Я слушал рассказ Сажина как отголосок чужой жизни, ставшей вдруг близкой и до жути волнующей. Бывает так: вы останавливаетесь в гостинице и замечаете в окне напротив частицу чужой, непонятной жизни. Изо дня в день вы наблюдаете ее, и непонятное становится понятным и притягательным. Что-то угадываешь, что-то припоминаешь, что-то настораживает и манит. Тихо шумит чужая жизнь, и вы становитесь невольным ее участником. Такое же ощущение возникло сейчас у меня.

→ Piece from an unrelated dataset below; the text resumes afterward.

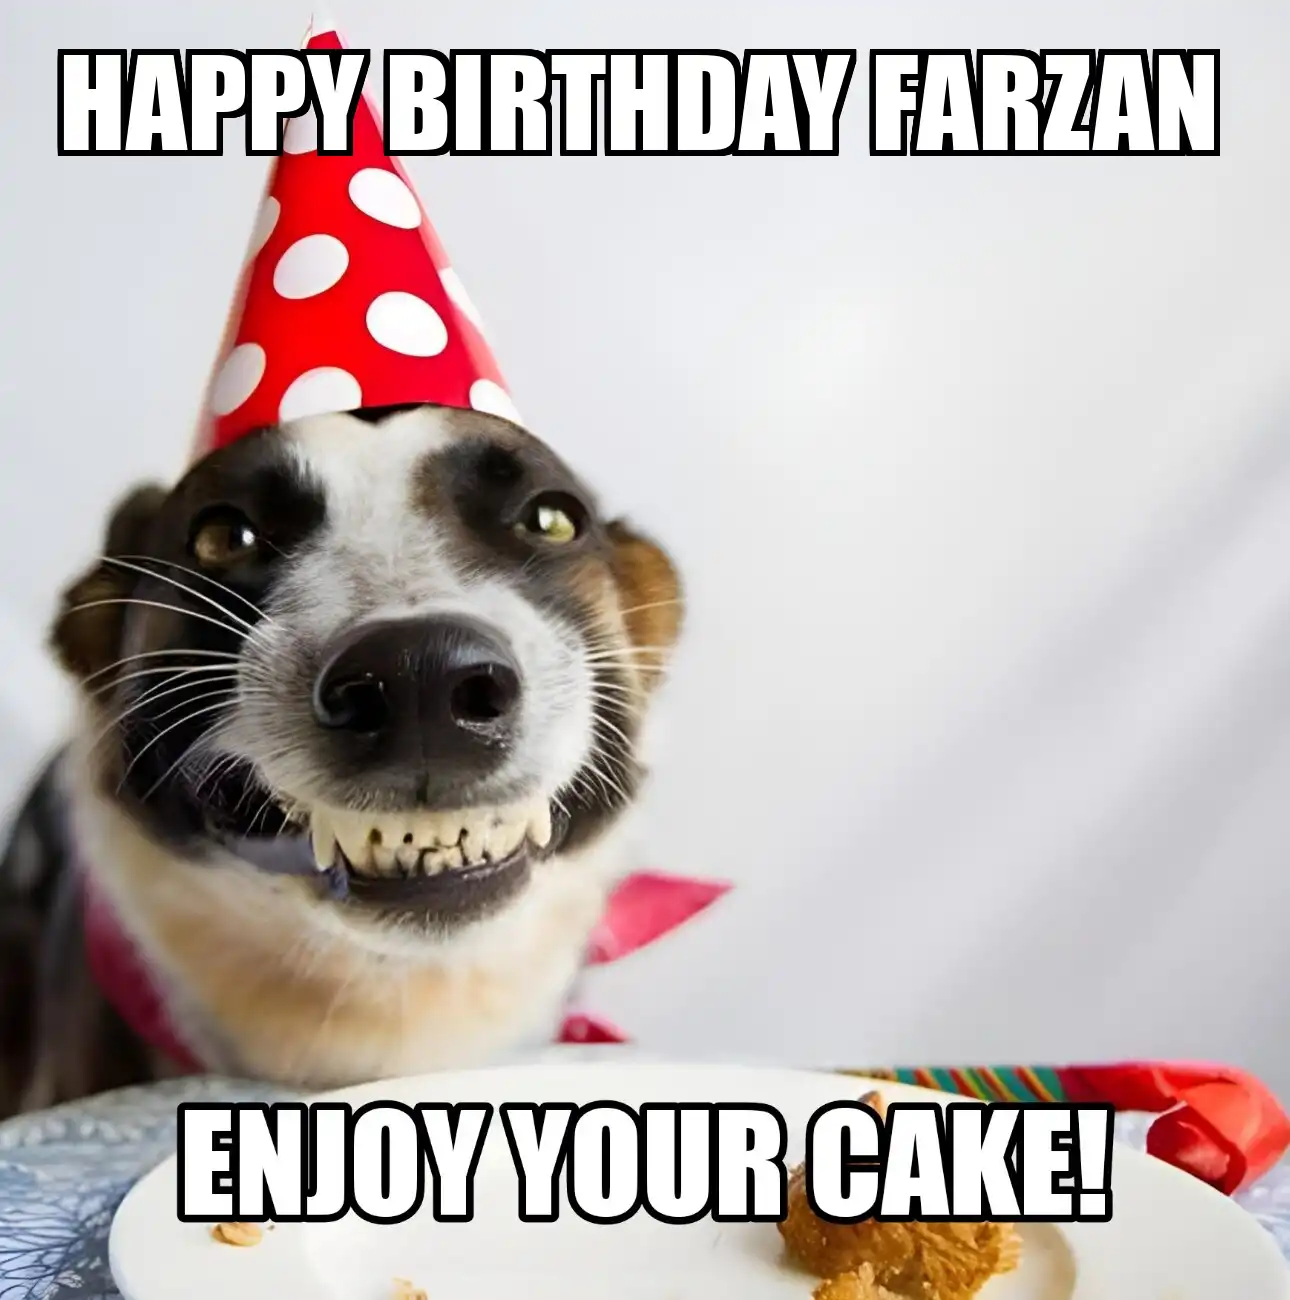 Happy Birthday Farzan Enjoy Your Cake Dog Meme
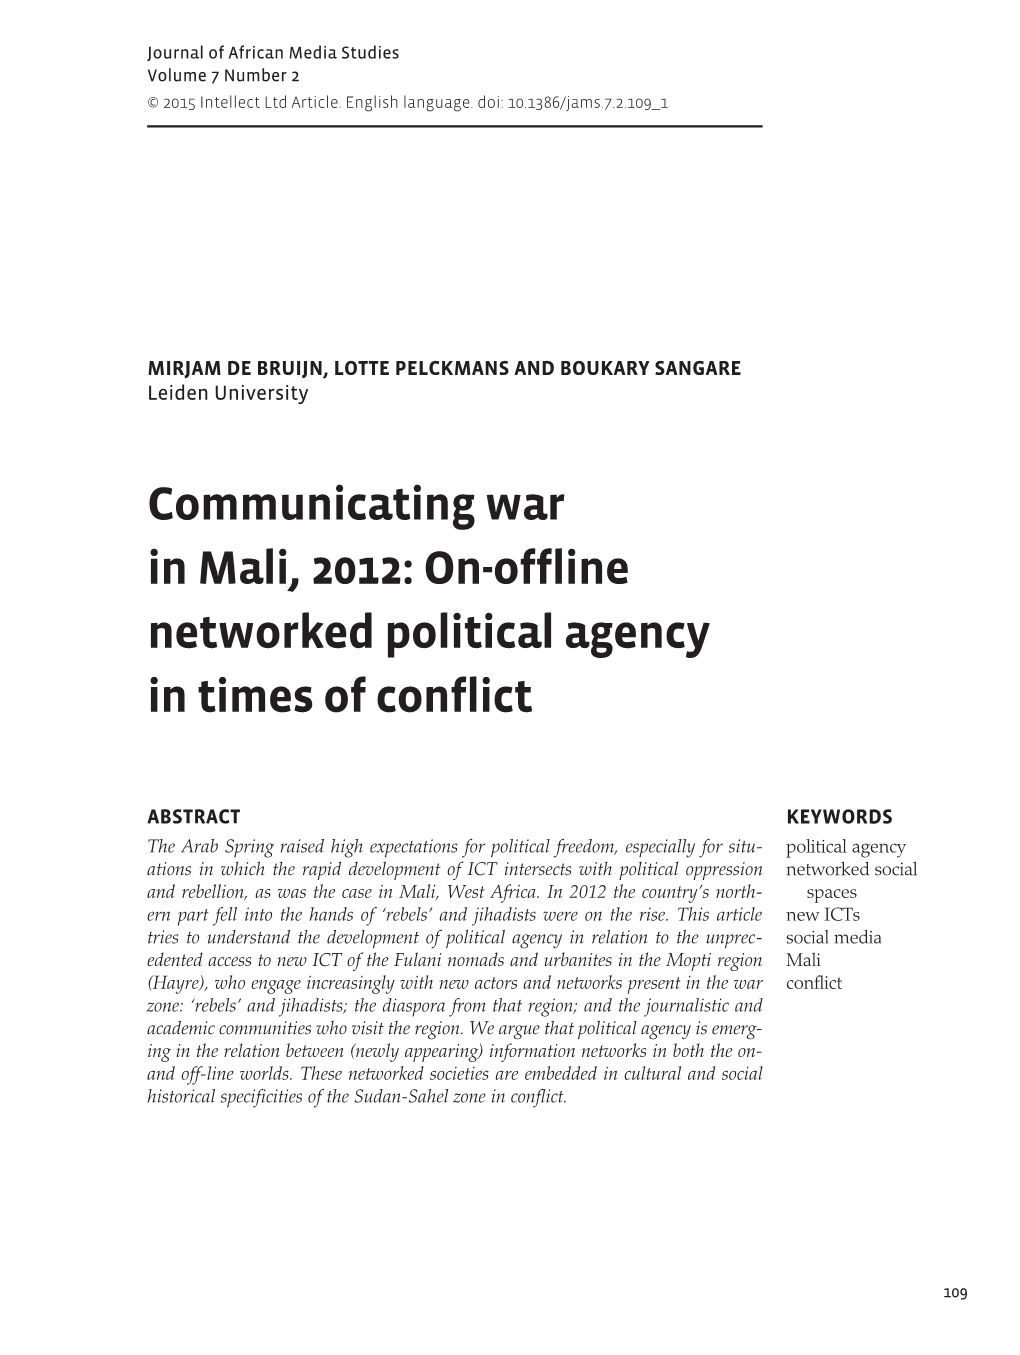 Communicating War Mali

— Галка — это совсем новое поколение, боюсь, вам уже вовсе не понятное, — продолжал разговорившийся Сажин. На мою удачу он, видимо, любил поговорить. — Наше поколение вы еще можете себе представить, мы — продукт эпохи, от которой вы бежали, большевистского штурм унд дранга. Мы росли, как молодой лес на пожарище. Вынесли и стужу, и засухи, и пургу, и бури. Выстояли и выросли. Теперь подлесок растет, и вглядитесь: такой лес вырастет — ахнете! Дети социализм начали строить, а внуки уже к коммунизму тянутся. У них и шаг шире, и прошлое в ногах не виснет, назад не оглядываются. Вот с Галкой познакомитесь, а еще лучше с мужем ее, Виктором, — смотрите в оба, Иван Андреевич: таких у себя не увидите.

Дверь приоткрылась, и звучный женский голос спросил:

— Будешь ужинать, Коля?

— Поужинаем? — подмигнул мне Сажин.

Я отказался.

— Ну как знаете. И мне, пожалуй, не хочется. Тонечка, — повысил он голос, — резервируй ужин на более поздний срок. У меня еще дела есть.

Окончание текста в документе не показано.